Atomic number and mass number 

- Nucleur symbol of an atom tells you its atomic (proton no) and mass number 

- Atomic number tells you how many protons there are

- Mass no tells you the total no of protons and neutrons in the atom

- To get the no of neutrons, just subtract the atomic number from the mass number 

- Atoms can have dif numbers of protons, neutrons and electrons. It's the number of protons in nucleus decides what type of atom it is

- For example, an atom with one proton in its nucleus is hydrogen and an atom with 2 protons is helium 

- If a substance only contains atoms with the same number of protons its called an element, there about 100 of these

- So all the atoms of a particular element have the same no of protons and dif elements have atoms with dif no of protons 

- Atoms of each element can be represented by one or two letter symbols - it's a type of shorthand

- Dif forms of the same element which have the same number of protons but a dif no of electrons 

- Isotopes have the same atomic number but dif mass number

- Very popular example of a pair of isotopes are carbon 12 (6 p, n and e) and carbon 13 (6 p and e, 7 n)

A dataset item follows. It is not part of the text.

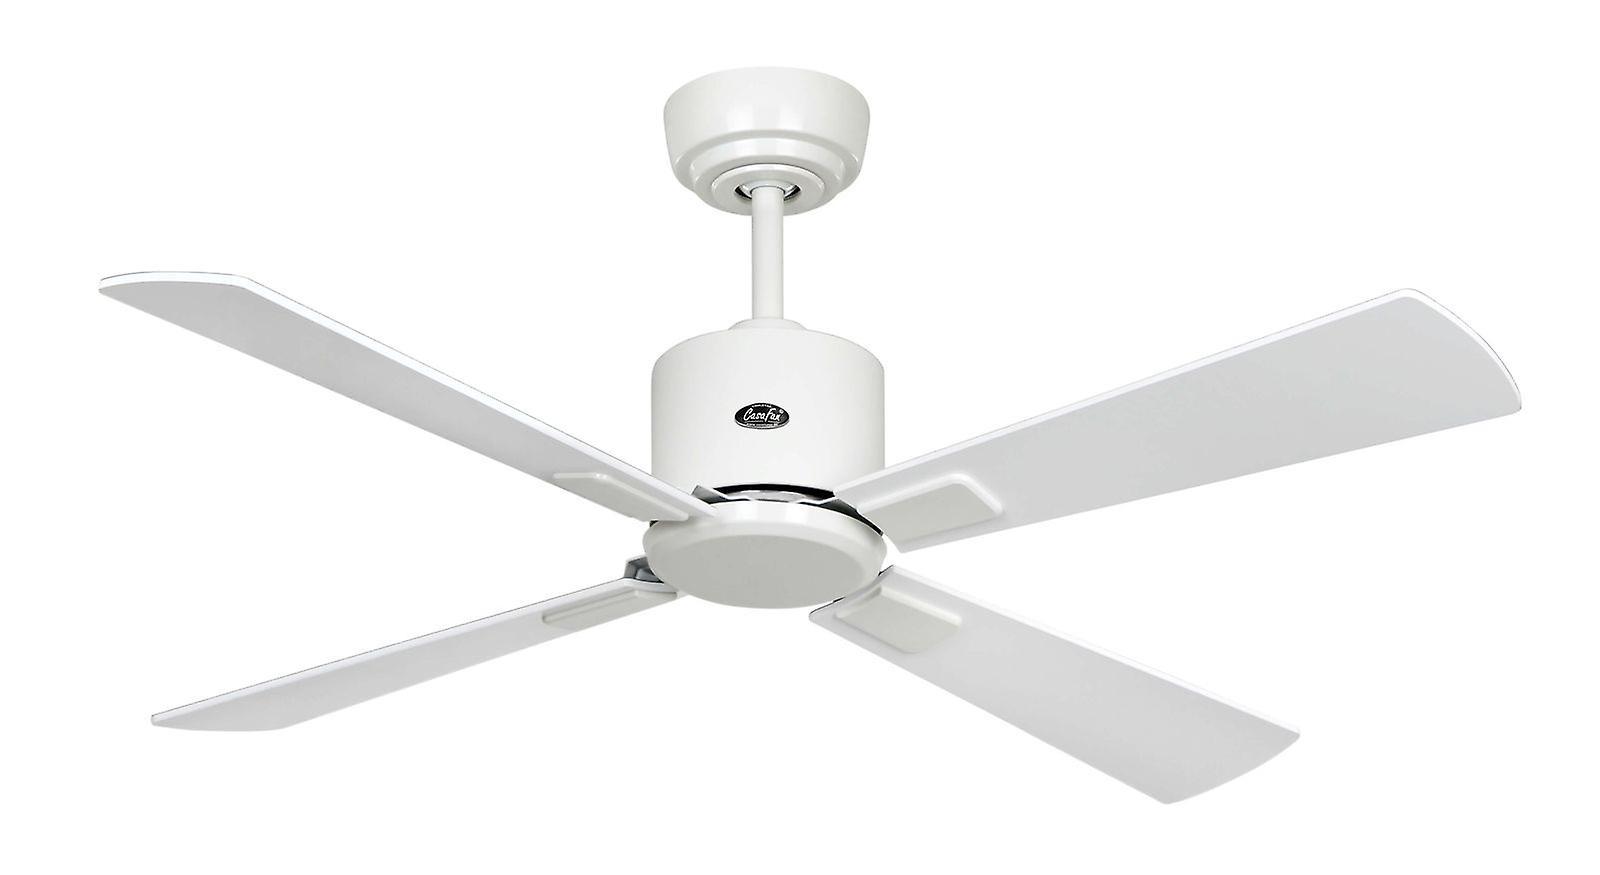 Ceiling Fan ECO NEO III 103 WH blanc   Light gris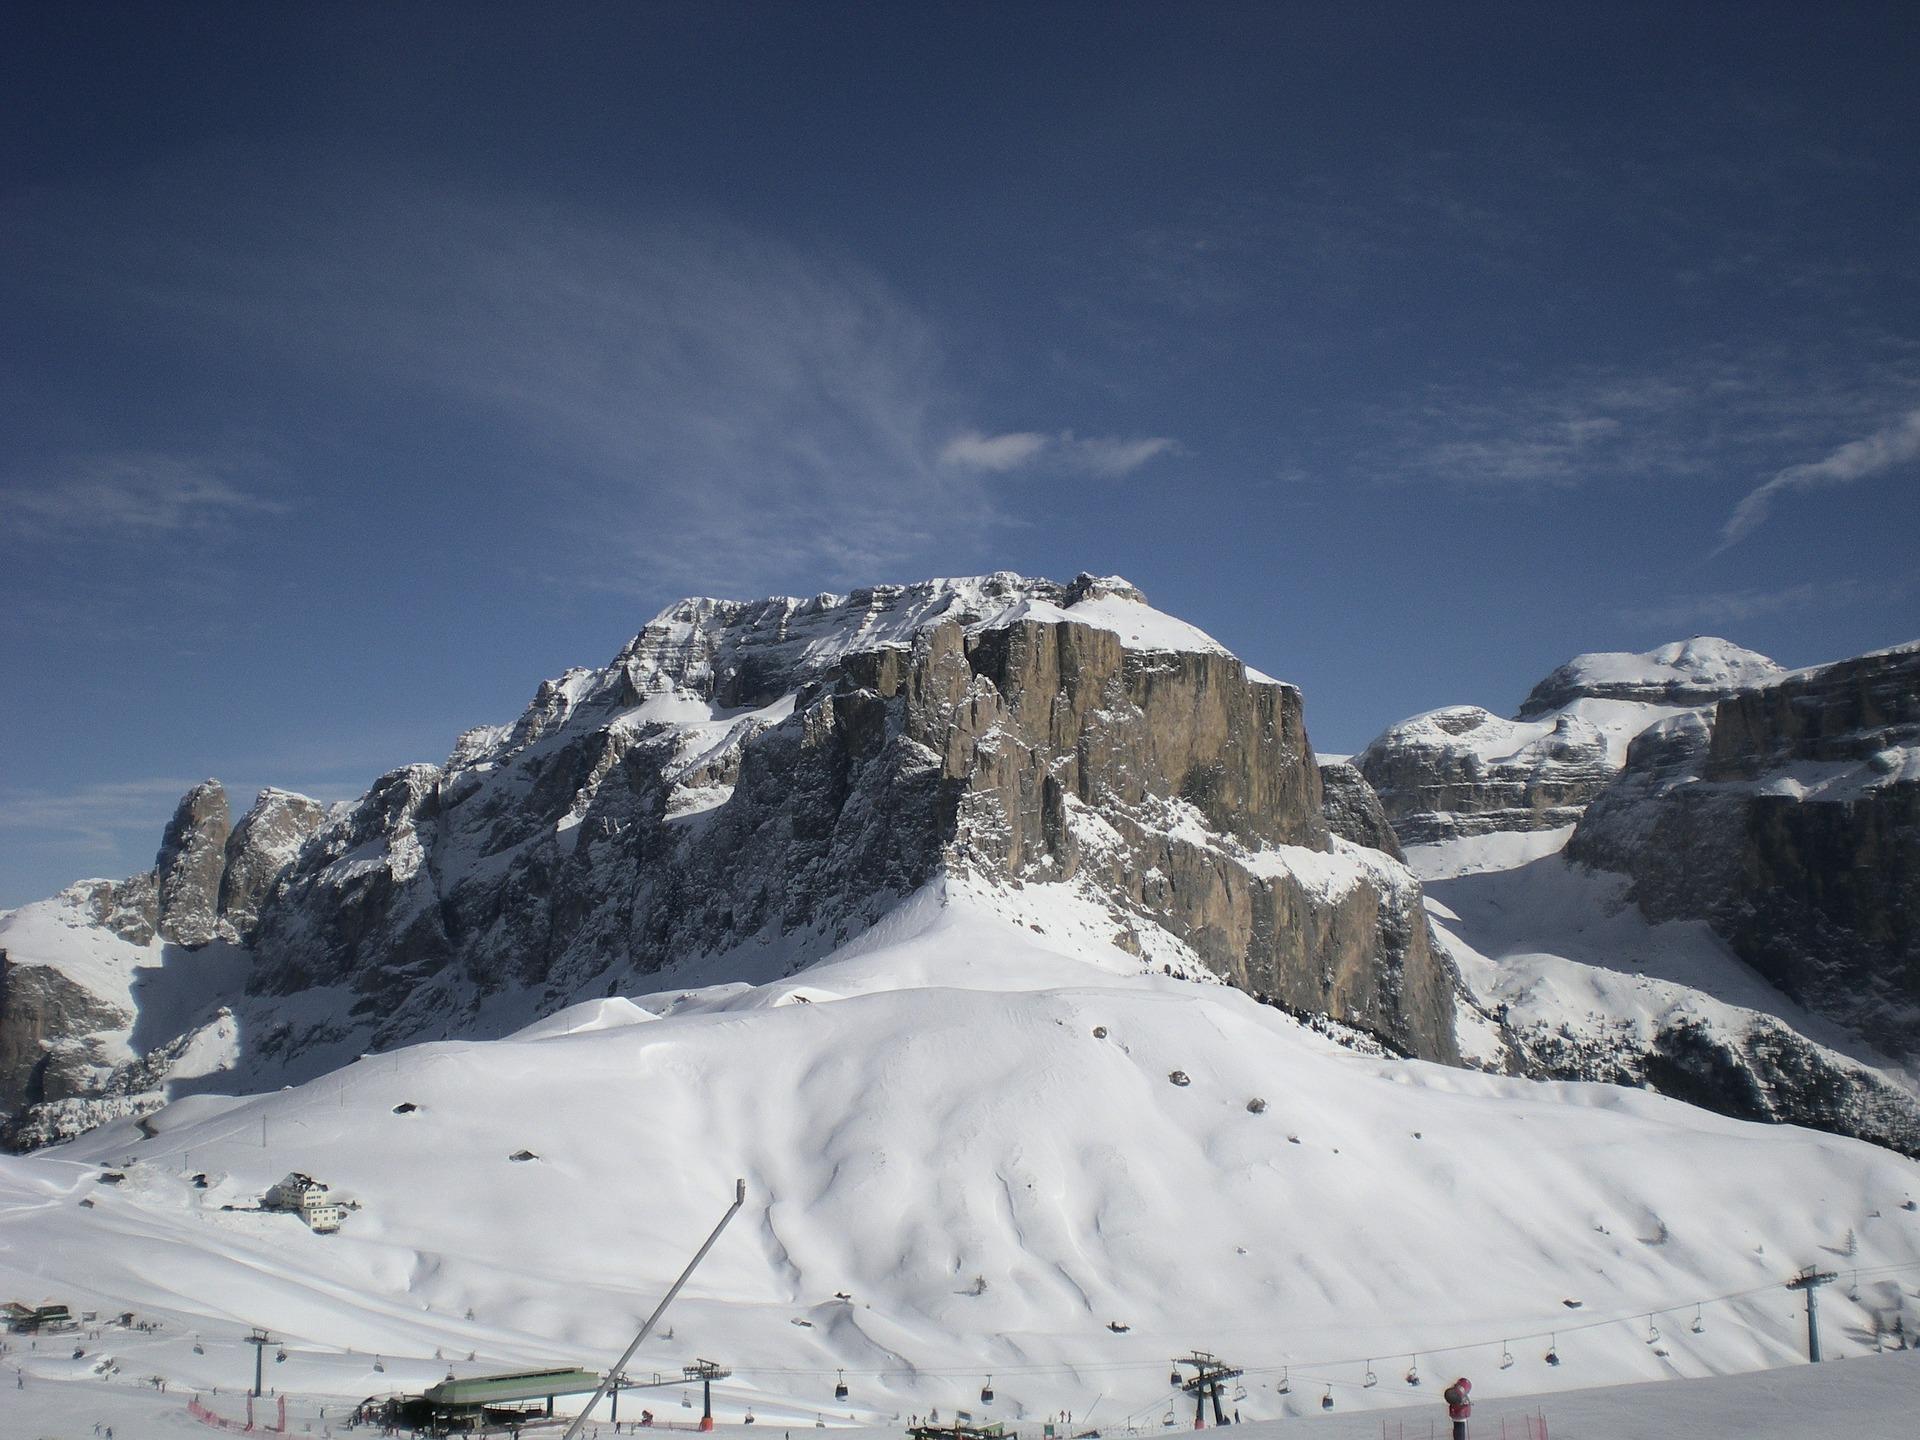 Indrukwekkend bergmassief bij Canazei in het skigebied Dolomiti Superski

- Bc many elements can exist as a no of dif isotopes, relative atomic mass is used instead of mass no when referring to the element as a whole. This is an average mass taking into account the dif masses and amounts of all the isotopes that make up the element

- Use this formula to find relative atomic mass = (sum of isotopes x isotope mass no) / sum of abundances of all the isotopes 

- When elements react, atoms combine with other atoms to form compounds 

- Compounds are substances formed from 2 or more elements, the atoms of each are in fixed proportions throughout the compound and they're held together by chemical bonds

- Making bonds involves atoms giving away, taking or sharing electrons. Only the electrons are involved - the nuclei of the atoms aren't affected at all when a bond is made

- It's usually dif to seperate the original elements of a compound out again - a chem reaction is needed to do this

- A compound which is formed from a metal and a non-metal consists of ions. The metal atoms lose electrons to form pos ions, and the non-metal atoms gain electrons to form neg ions. The opposite charges of ions mean that they're strongly attracted to each other. This is called ionic bonding. Examples of compounds which are ionically bonded are sodium chloride, magnesium oxide and calcium oxide

- A compound formed from non-metals consists of molecules. Each atom shares an electron with another atom - this is called covalent bonding. Examples of compounds that are bonded covalently include hyrogen chloride gas, carbon monoxide and water

- The properties of a compound are usually totally dif from the properties of original elements e.g. if irom (lustrous magnetic metal) and sulfur (yellow powder) react, the compound formed (iron sulfate) is a dull grey solid lump amd doesn't behave like it's parents

- Fomulas made up of elemental symbols in the same proportions that the elements can be found in the compound

- E.g. CO2 is a compound formed from a chem reaction between carbon and oxygen. It contains one carbon atom and two oxygen atoms 

E.g. the formula of sulfuric acid H2SO4 so each molecule contains 2 hydrogen atoms, one sulfur and 4 oxygen atoms 

- There might be brackets in a formula e.g. calcium hydroxide is Ca(OH)2. The little no outside the bracket applies to everything inside braket, so there's one calcium atom, 2 oxygen atom and 2 hydrogen atoms in it 

- No chem bonds between dif parts of mixture

- The parts of a mixture can be either elements or compounds, and they can be seperated out by physical methods e.g. filtration, crystallisation, simple distillation, fractional distillation and chromatography

- Air is a mixture of gases, mainly nitrogen, oxygen, carbon dioxide and argon. These gases can be easily seperated

- Crude oil is a mixture of different length hydrocarbon molecules 

- The properties of a mixture are just a mixture of the properties of the seperate parts - the chem properties of a substance aren't affected by it being part of a mixture 

- E.g. a mix of iron powder and sulfur powder will show properties of both iron and sulfur. It will contain grey magnetic bits and bright yellow bits of sulfur 

- Method of seperation in a mix is through chromatography - used to seperate ink 

- Draw a line near the bottom of the filter paper (pencil is insoluble and won't dissolve in solvent

- Add a spot of ink to the line and place the sheet in a beaker of solvent (e.g. water)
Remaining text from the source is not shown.